Album Review: Foals – Everything Not Saved Will Be Lost – Part 1


Everything Not Saved Will Be Lost Part One



Yannis Philippakis sounds like a man with a great deal on his mind.

‘I just feel like, what’s the utility of being a musician these days if you can’t engage with at least some of this stuff?’, he muses in the press release for the first part of Everything Not Saved Will Be Lost.
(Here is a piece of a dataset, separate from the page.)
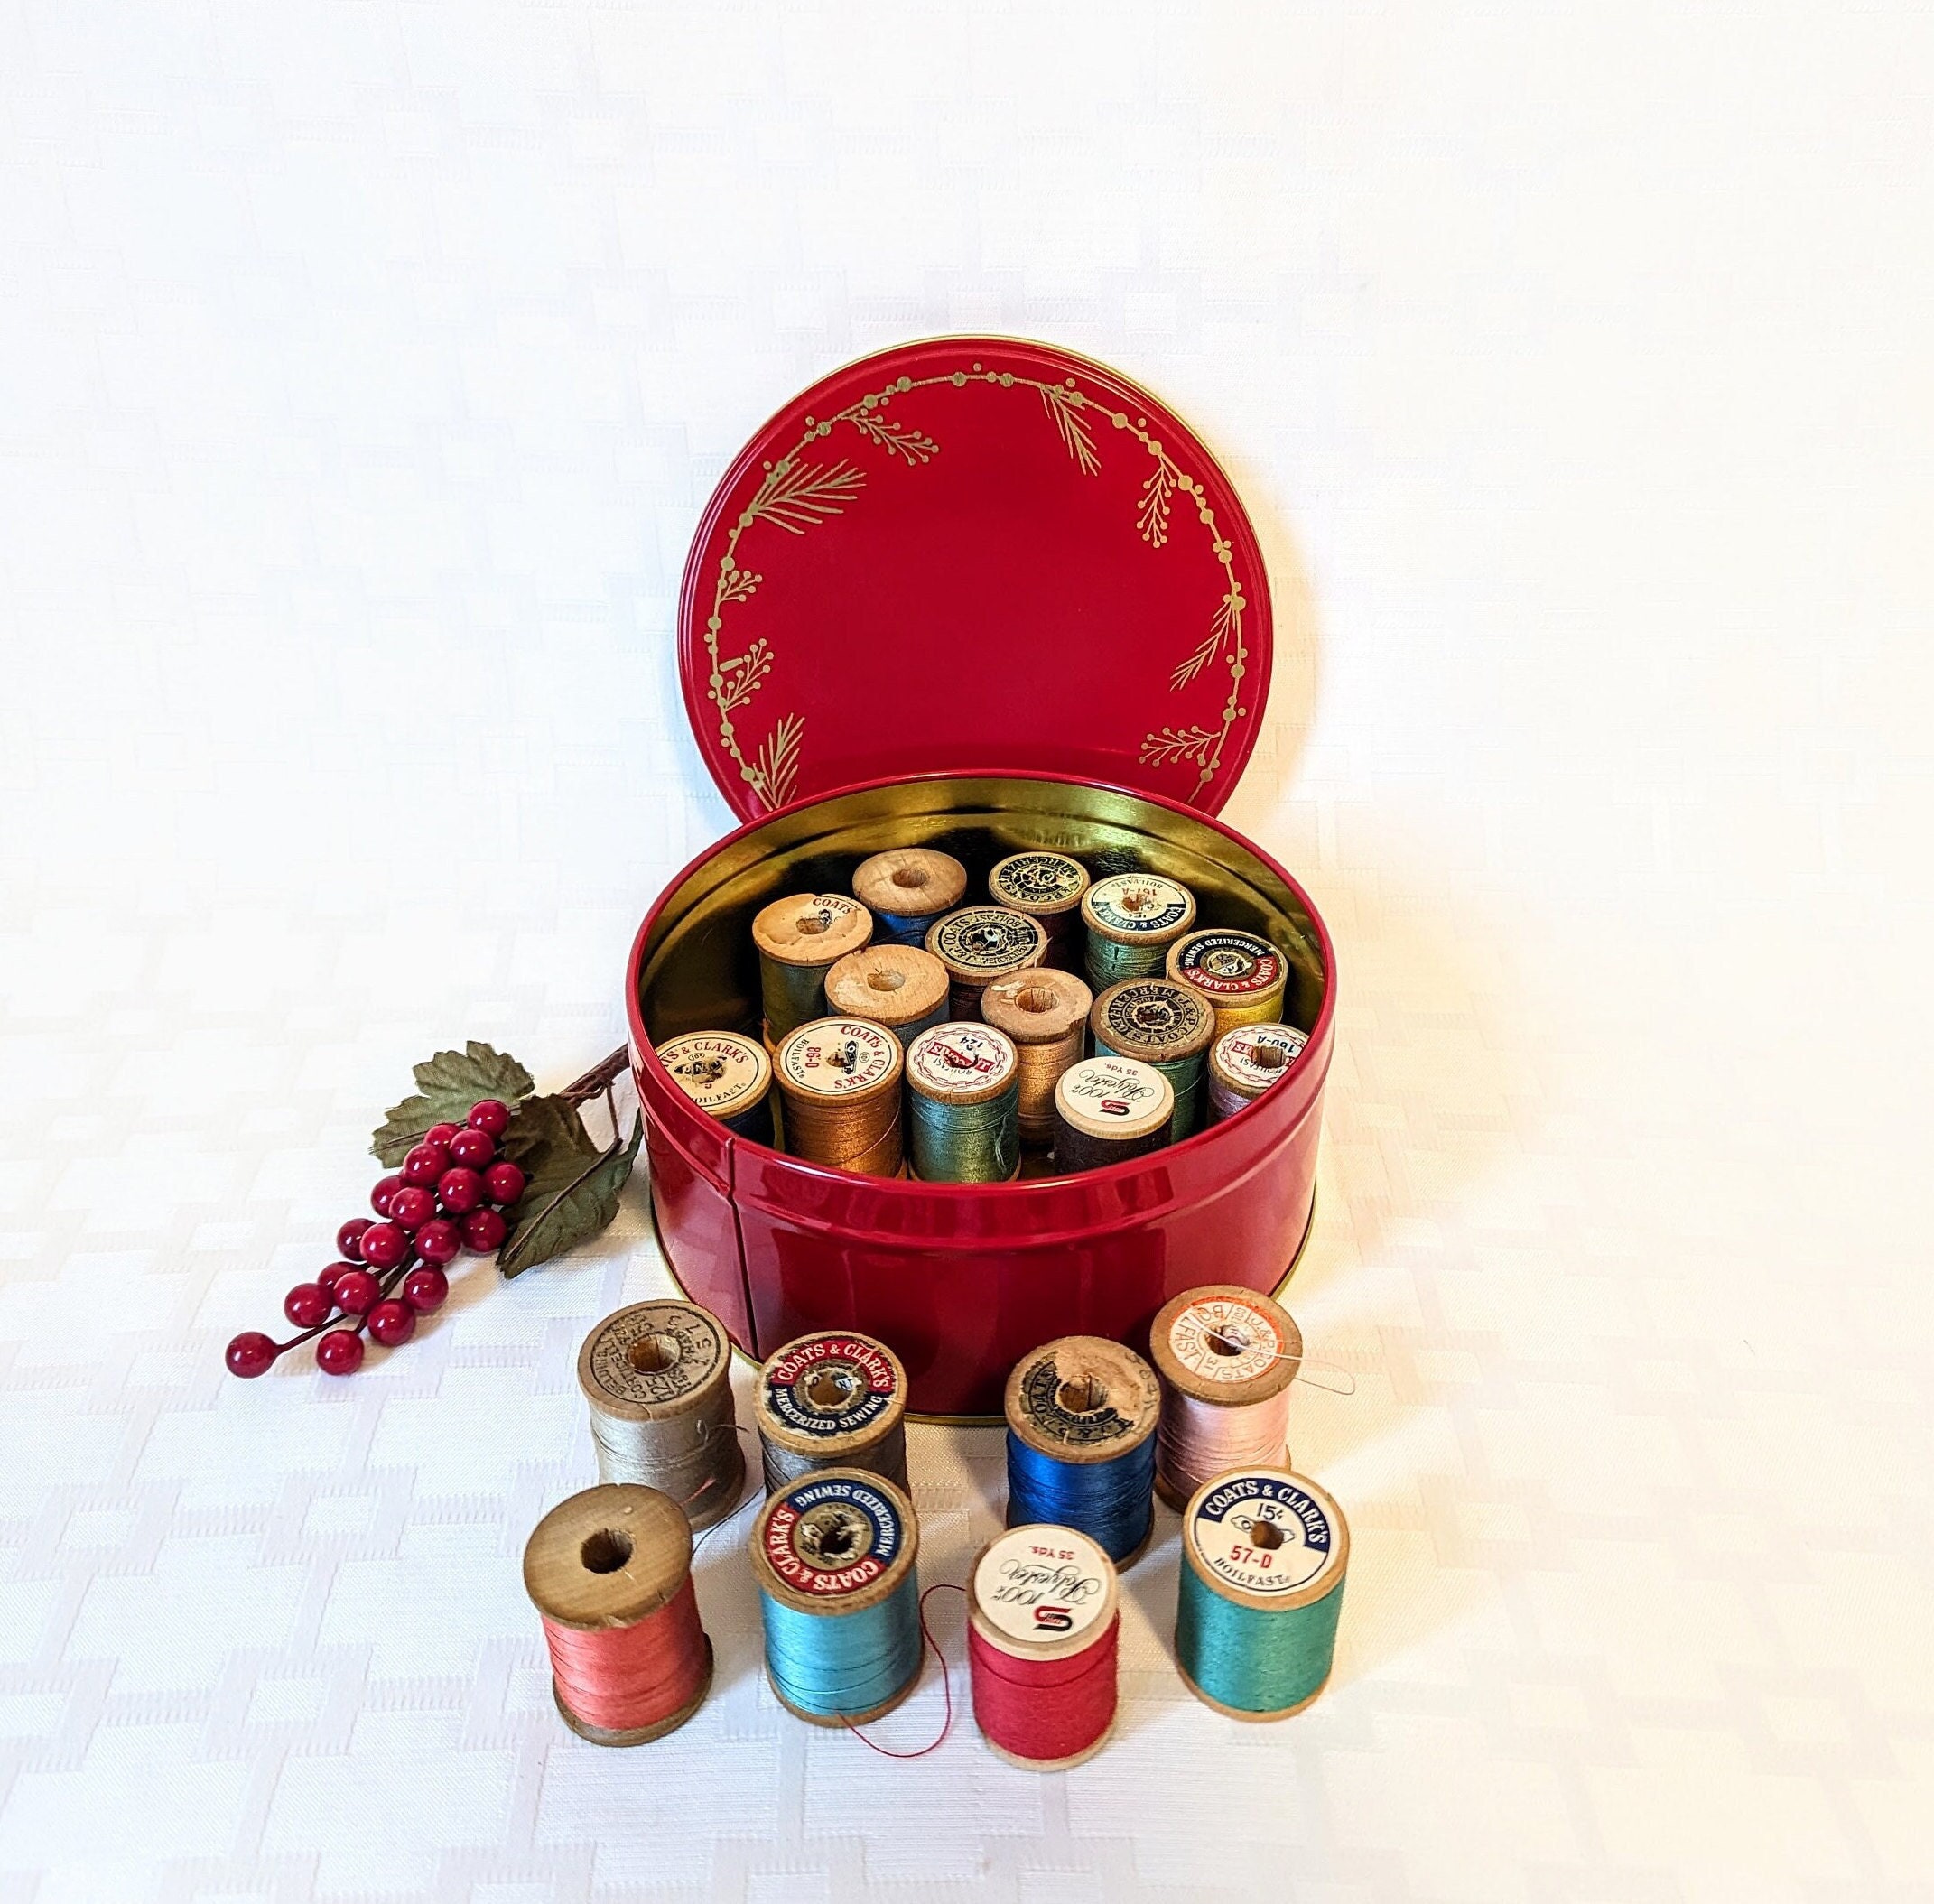 Lot of 22 Vintage Sewing Thread Spools Wood Wooden for Crafting Crafts

He then posits: ‘These songs are white flags, or they’re SOSs, or they’re cries for help…each in a different way’.

The stuff in question is, as he sees it, the threat man poses against nature because of its vulnerability and impermanence, a planetary dystopia that dynamically fuels both parts of Foals’ boldest venture yet, a double album released in individual parts, one the singer describes coyly as ‘two halves of the same locket’.

The background to its making, however, underlines their self-possession; not many bands would choose to not replace a departing founder member (bassist Walter Gervers) and compound that by taking production duties in house, but then again Foals didn’t break unexpectedly into the elite cabal of A-listed festival headliners by acting like any other band.

In thumbing their noses at the easy ways out it might’ve been expected that Everything Not Saved Will Be Lost would broker some kind of disconnect with the past, but on the meaty lead single Exits there’s a businesslike familiarity and directness, words about a species forced underground and bird-empty skies backed off in abundance to an expertly crafted, staccato piano riff and a fistful of their perfectly weighted afro and math rock trace elements.

It’s a statement song, one intent on reminding us that the now-quartet may be saying the end is nigh but that when it does go tits up they’ll still be standing, On The Luna having the sort of riff crunch to be saved up for judgement day while In Degrees rarely find a moment of peace, the control of a rolling bass synth punctured by a jaggedness the band have rarely found since their earliest days.

For the most part, Philippakis is happy to let the album’s messages be delivered fundamentally within tramlines that will please Foals’ famously rabid fanbase, but there are occasional glimpses of what the project’s second installment could bring if he subtly chooses to turn the tables on them. One seems to be an unfinished idea – the ambient sliver of Surf Pt.1 – but Café D’Athens is a feast of percussive Asian-indebted rhythms over a looped Amen break, a feast song that could be the opening of a new chapter or simply an experiment in devilry.

For now, these remain riddles. What’s in plain earshot however, is how far their scope has grown; on Sunday they’re halfway through delivering a stand-and-deliver mini-epic before tempo jumping without warning into an epic rave, while closer I’m Done With The World (And It’s Done With Me) is a sombre ballad filled with giant sweeps of destiny and resignation.

We’re at the half way point of Everything Not Saved Will Be Lost and so – perhaps deliberately – it’s hard to judge it without the feeling of a jumped conclusion. Regardless of the subject matter however, Foals remain one of the few British bands to consistently master nuance and gentle power; once welded the complete picture may be their sleekest, most intoxicating yet.